Effective Communication Skills (Post #1)
Why developing effective communication skills is important
"Cogito, ergo sum" ("I think, therefore I am"). This popular philosophical statement attributed to RenĂ© Descartes is the foil to everything this course stands for – communication. No person is an island, and Man as a social creature HAS to communicate and have relationships with other beings. This sentence probably describes the very nature of communications, the relationship between “communicate” and “relationship”. Being capable of thought may allow us knowledge of self-existence, but without being able to express, give or interchange thoughts (whether literal thoughts, ideas, feelings or emotion) with others, it would really be a lonely place wouldn’t it?
Now, extremes aside, what about normal everyday communications? Everyone communicates in one way or another, but not everyone communicates effectively. Effectively, by dictionary.com, means “adequate to accomplish a purpose; producing the intended or expected result”. That is what many people lack today, producing the intended result when trying to communicate with others. Let me start with language barriers (although this course does not pertain to language barriers, I do think it gives excellent examples).

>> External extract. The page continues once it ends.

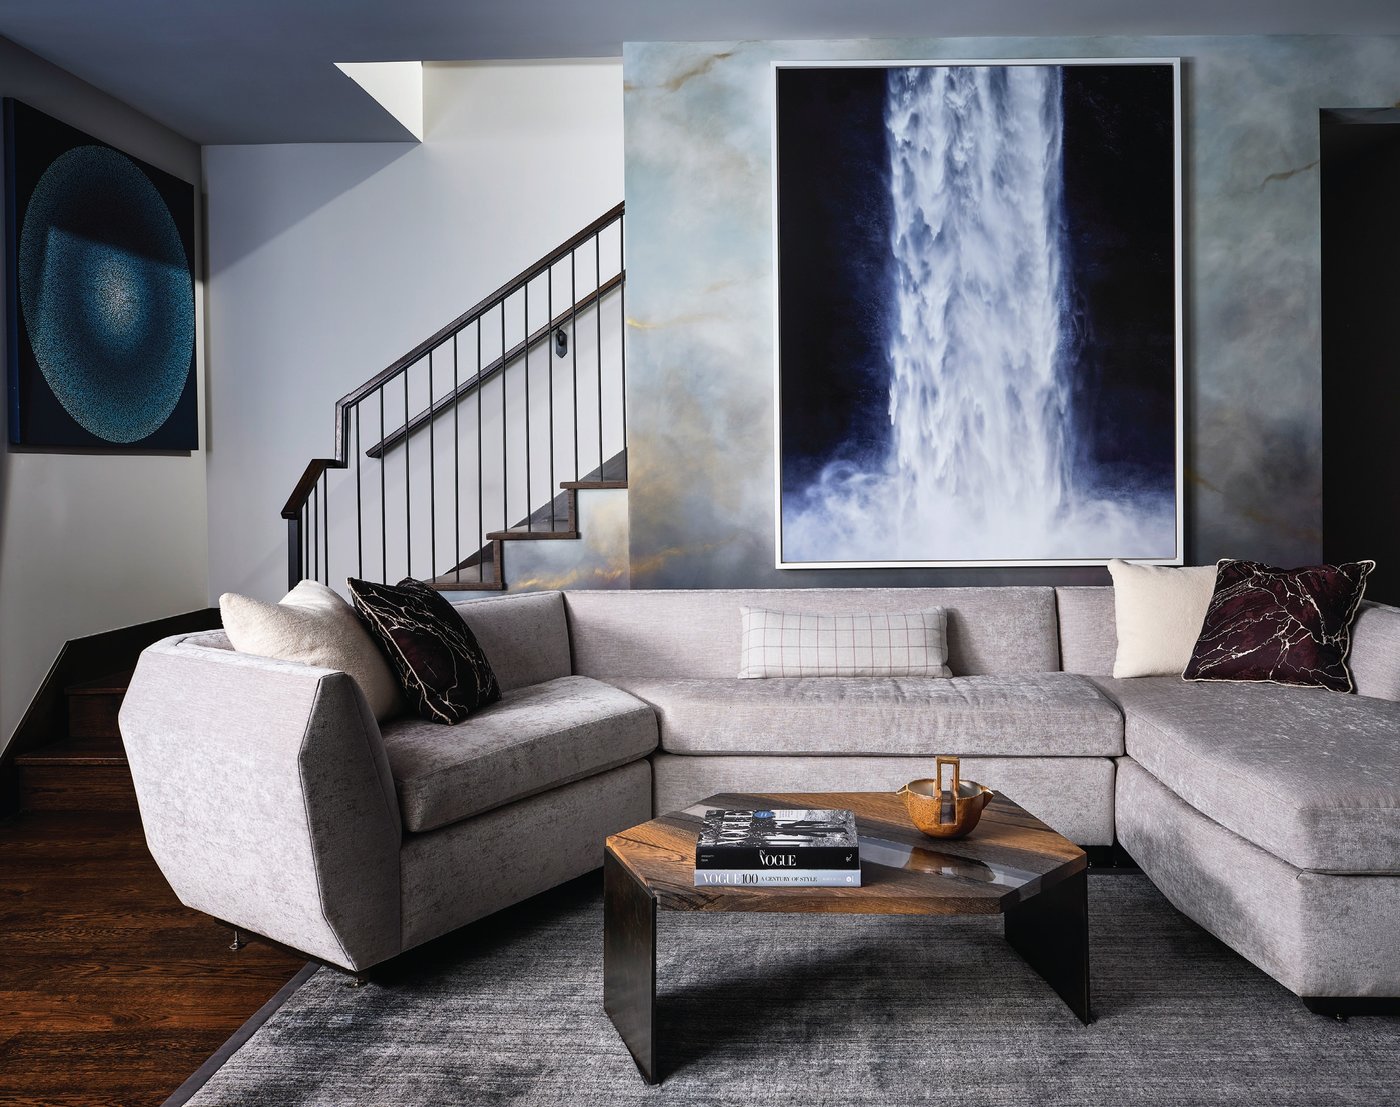 Artworks by Jonathan Smith (above the custom sofa) and A.J. Oishi bring an ethereal spirit to the downstairs media room. The rug is from Stark. PHOTOGRAPHED BY BRAD KNIPSTEIN
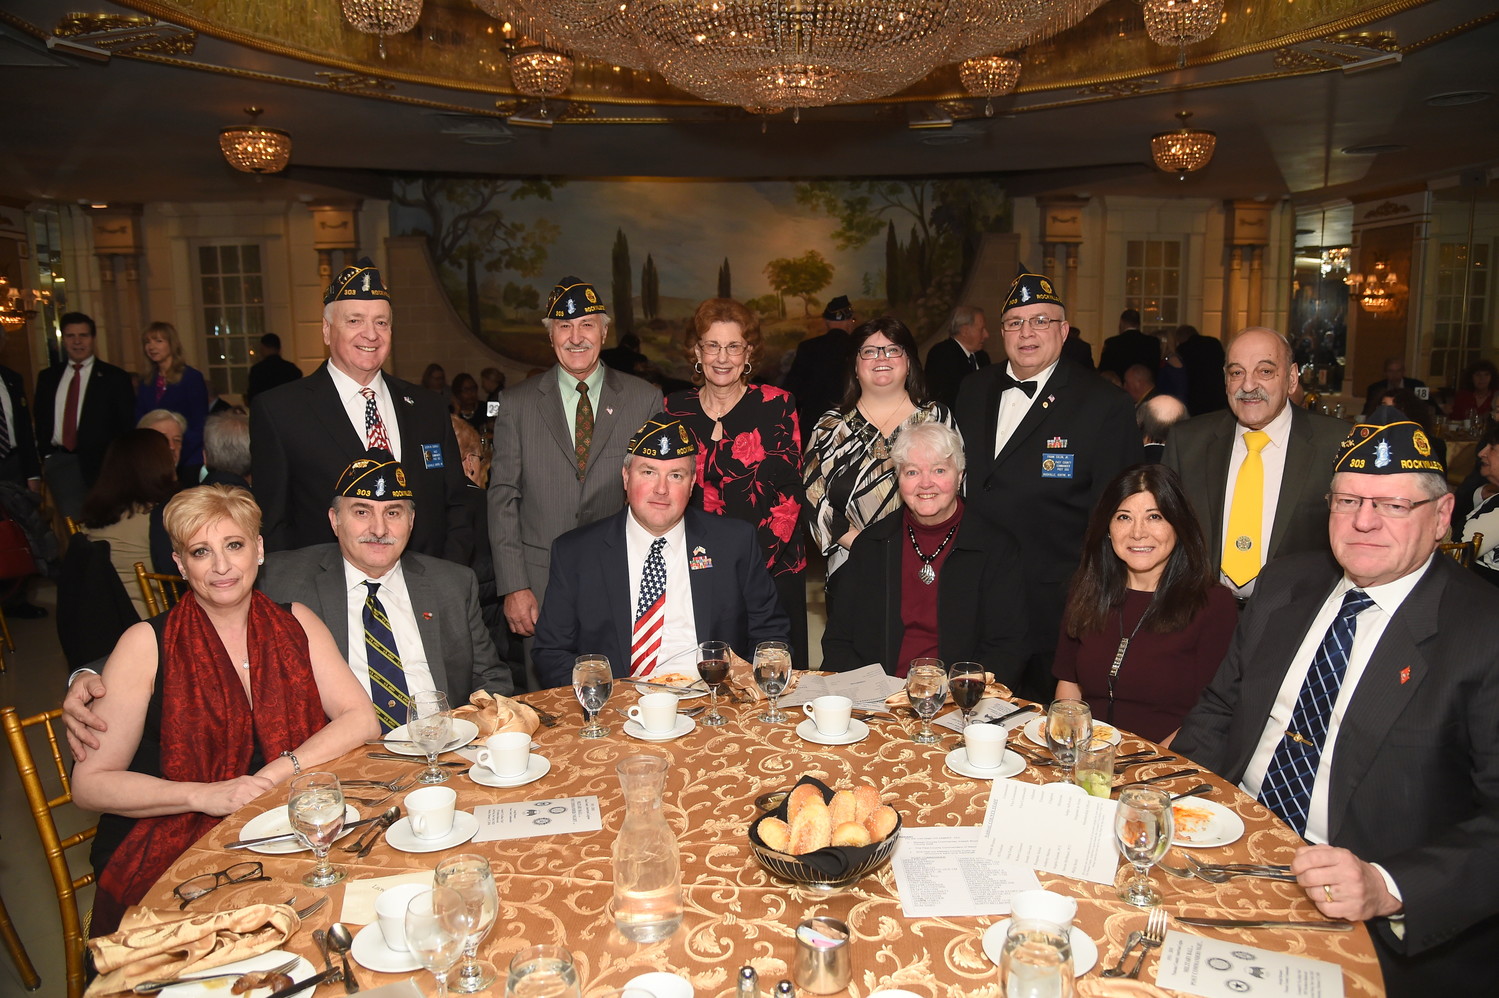 Members of the Rockville Centre American Legion Post 303 attended the event in Great Neck on Feb. 17.

Just over the Chinese new year, my family went to a hawker centre for our reunion dinner. That was typical, as was the menu of Chinese foods: yu sheng( a fish salad cold dish), shark’s fin soup (mostly fake), steamed grouper fish (in soy sauce, delicious), roasted chicken (very typical), couple of vegetable dishes (obviously not important enough to make an impact on my memory), fried rice (love that stuff) and some dessert. Dinner went fairly normally, until we wanted the rice to be served earlier, so that we could have it with the dishes. My brother told the waitress to serve the “chow fan” (wok-fried rice usually with ingredients like roasted pork, green peas and lots of oil). The waitress gave a puzzled look before leaving with a confused expression. The fried rice soon came, looking nowhere near sufficient to feed the ten people of my party. Disgruntled murmurs broke out and we had to order white rice to go with the dishes. A little while later, a glutinous rice dish appeared. Since that was not on the menu, we called the waitress over. She looked even more bewildered and could only say that it was part of the menu. Note: the stall was run and manned by mainland Chinese. Halfway through the meal, a chicken dish arrived. However, it looked nothing like the roasted chicken we were expecting. It was more of a herbal chicken (which means it was braised in some sauce). We decided to spare the poor waitress and inquired of her manager instead (who spoke marginally better English I might add). It turned out that the misunderstanding was really quite simple. The menu was written in Chinese before being translated into English. The wrong dishes made perfect sense in mandarin, but the English translation was horrible. Since three generations of my family speak English as our first language, no one thought to check the mandarin characters, which were really quite different from the English translation. Communication? Yes. Effective? No.
This is why I think developing effective communication skills are essential. We can have the greatest ideas, but if we are not able to share them, we are better off just dreaming or imagining things. If we can communicate them but ineffectively, how much of the original meaning gets lost in translation (anywhere in the process of encoding, sending through a channel with context, having the receiver receive the message and decoding it through the noise in the environment[text Chap 1.1])?
From workplace/institutions to homes, from (non)verbal to written, from stranger to familiar, effective communication is required in all social aspects of our lives. We may think that mainstream communication is fairly intuitive, but it is not. There are barriers that must be overcome in order for one to listen effectively [text 1.3], and even a simple conversation packs nuances of nonverbal cues. Developing effective communication skills will allow us to search for these cues, to listen actively, and to bring across our thoughts/ideas WITH THE INTENDED RESULT.